Hellenic Hypermarkets Sklavenitis
- Type: Société Anonyme
- Industry: Retail (Grocery)
- Founded: 1954; 72 years ago
- Headquarters: Kifissou Avenue 136, Peristeri, Athens, Greece
- Number of locations: 541 (May 2025)
- Key people: Gerasimos Sklavenitis (CEO)
- Products: Groceries, consumer goods
- Revenue: €5.157.697b (2023)
- Net income: €96,995m (2023)
- Number of employees: 40,318 (May 2025)
- Website: sklavenitis.gr

= Sklavenitis =

Greek supermarket chain

A hypermarket in Efkarpia, Thessaloniki, approximately 12,057sq.metres

Sklavenitis (Σκλαβενίτης) is a Greek-owned supermarket chain operating primarily in Greece and Cyprus. As of March 1, 2017, it became the largest retail group in Greece, following the acquisition of Marinopoulos Group, which had previously held the leading position in the market. The company currently operates 459 stores in Greece and 27 in Cyprus, surpassing competitors such as Masoutis and Alfa-Beta Vassilopoulos (a subsidiary of the Ahold Delhaize Group).

==History==
=== Founding and Early Years ===
Sklavenitis was founded in 1954 by Yiannis Sklavenitis (1924–1993) and Spyros Sklavenitis (1927–2006), beginning as a wholesale business in Ano Petralona, Athens. Shortly after its establishment, the company relocated to a privately owned facility on Kifisou Avenue in Peristeri. In 1967, the company was formally registered as "I. Sklavenitis & Co. General Partnership."
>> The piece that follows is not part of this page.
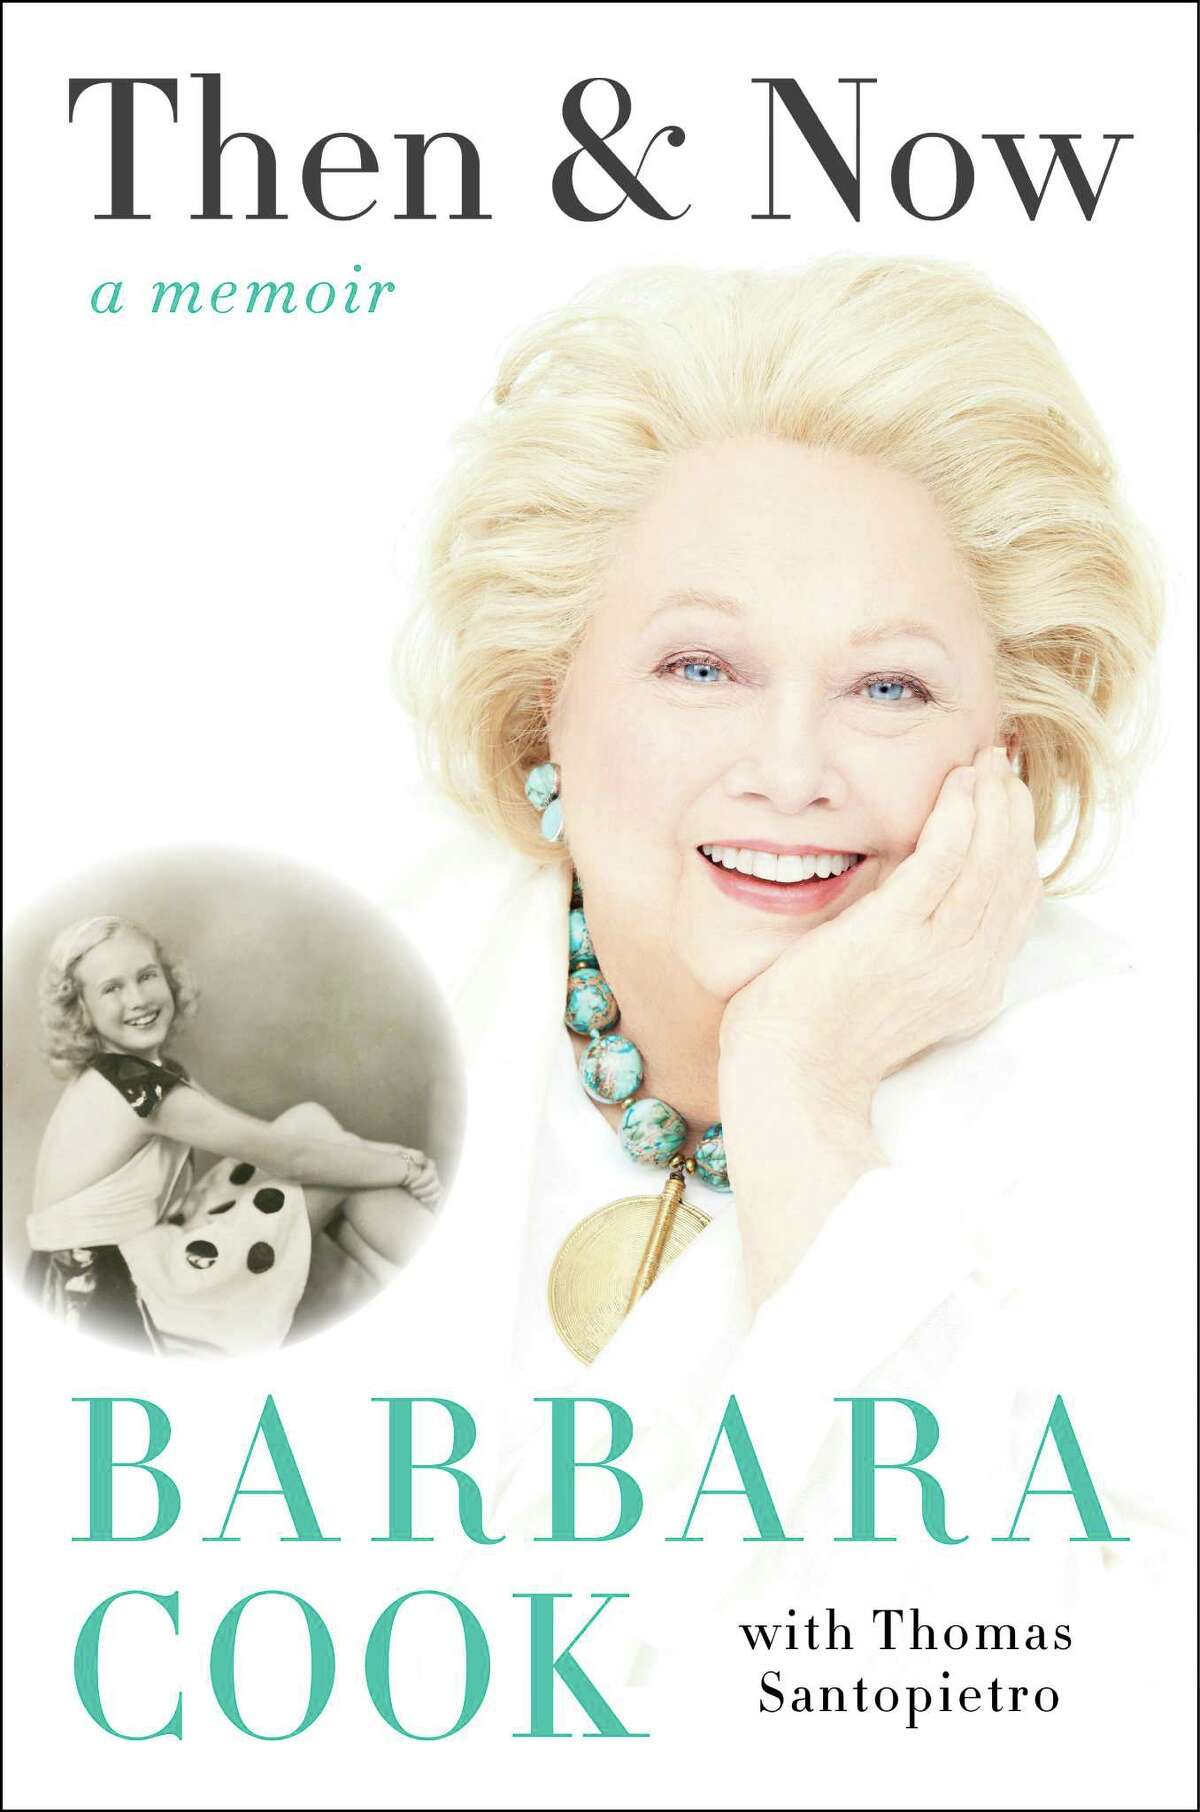 In this book cover image released by Harper shows, "Then & Now," a memoir by Barbara Cook, with Thomas Santopietro. (Harper via AP) ORG XMIT: NYET306

Under the company's initiative, the telephone-order service TELEXYP was created, marking the first phone-based grocery delivery service in Greece. In 1969, Sklavenitis opened its first supermarket in Peristeri. In 1975, their younger brother Nassos Sklavenitis joined the company. That year also saw the expansion outside of Peristeri with a large store opening in the Kaminia district of Piraeus. In 1979, the first central warehouses were inaugurated, covering 4,500 m^{2} and including a packaging facility for rice, sugar, and dry goods.

=== 1990s to 2016 ===
In 1992, the original Peristeri store was renovated, adding a 3,050 m^{2} exhibition space. In 1998, the company launched its first hypermarket in Nea Chalkidona.
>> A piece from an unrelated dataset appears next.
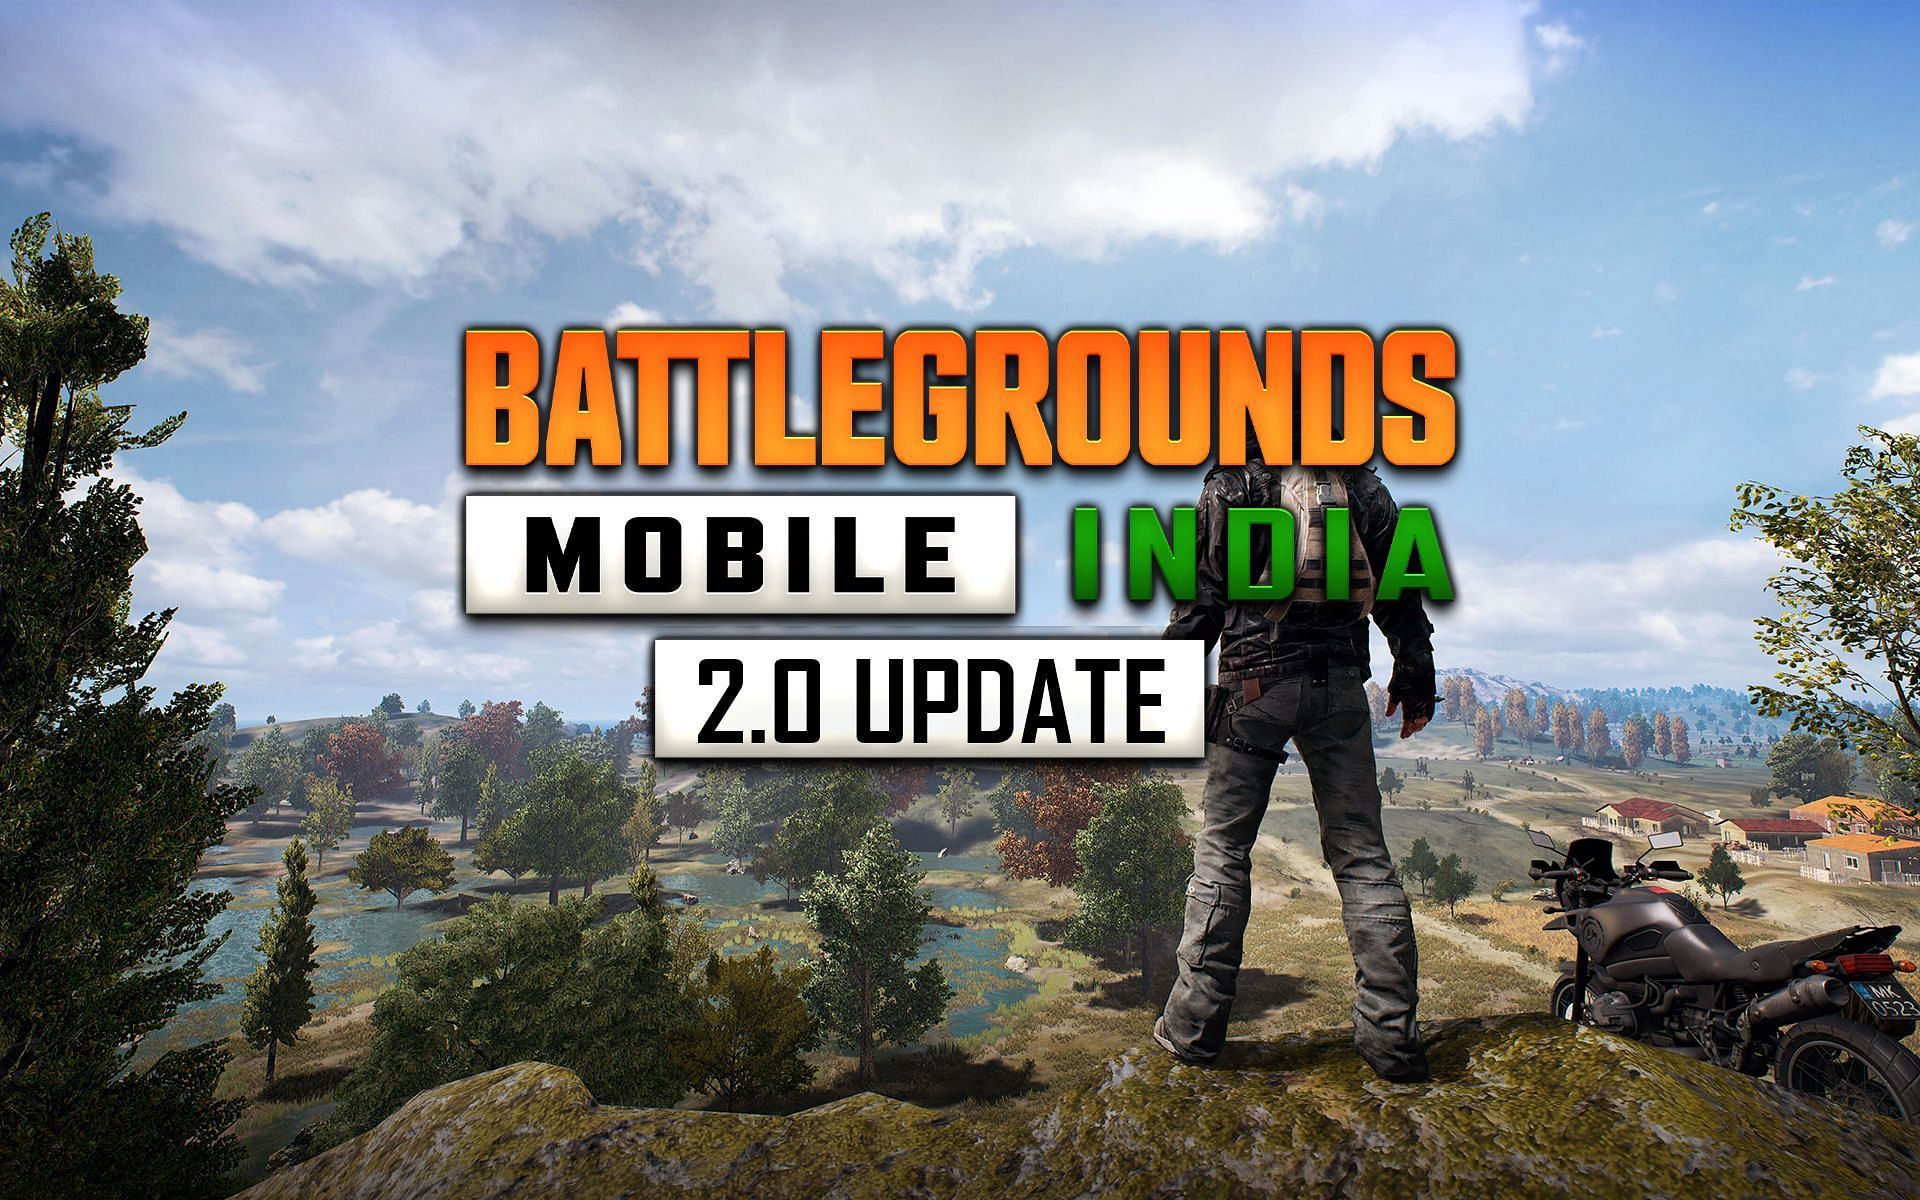 BGMI players and fans all around the country are eagerly waiting to play the 2.0 update (Image via Sportskeeda)

During the early 2000s, the company experienced stagnation. In 2006, 95% of the company shares were acquired by the four children of Spyros Sklavenitis. Growth resumed through acquisitions:

- In 2007, acquisition of Papageorgiou AEE
- In 2010, eleven stores from Atlantic
- In 2013, nine stores from Extra, five from Balaskas, and four from Doukas

In December 2013, the company entered the Cretan market by acquiring 60% of the Halkiadakis chain (formerly part of Veropoulos), which operated 38 stores and employed 940 staff. In 2014, new 30,000 m^{2} warehouses were opened in Elefsina. In 2015, the company acquired Makro Hellas, which was rebranded as The Mart.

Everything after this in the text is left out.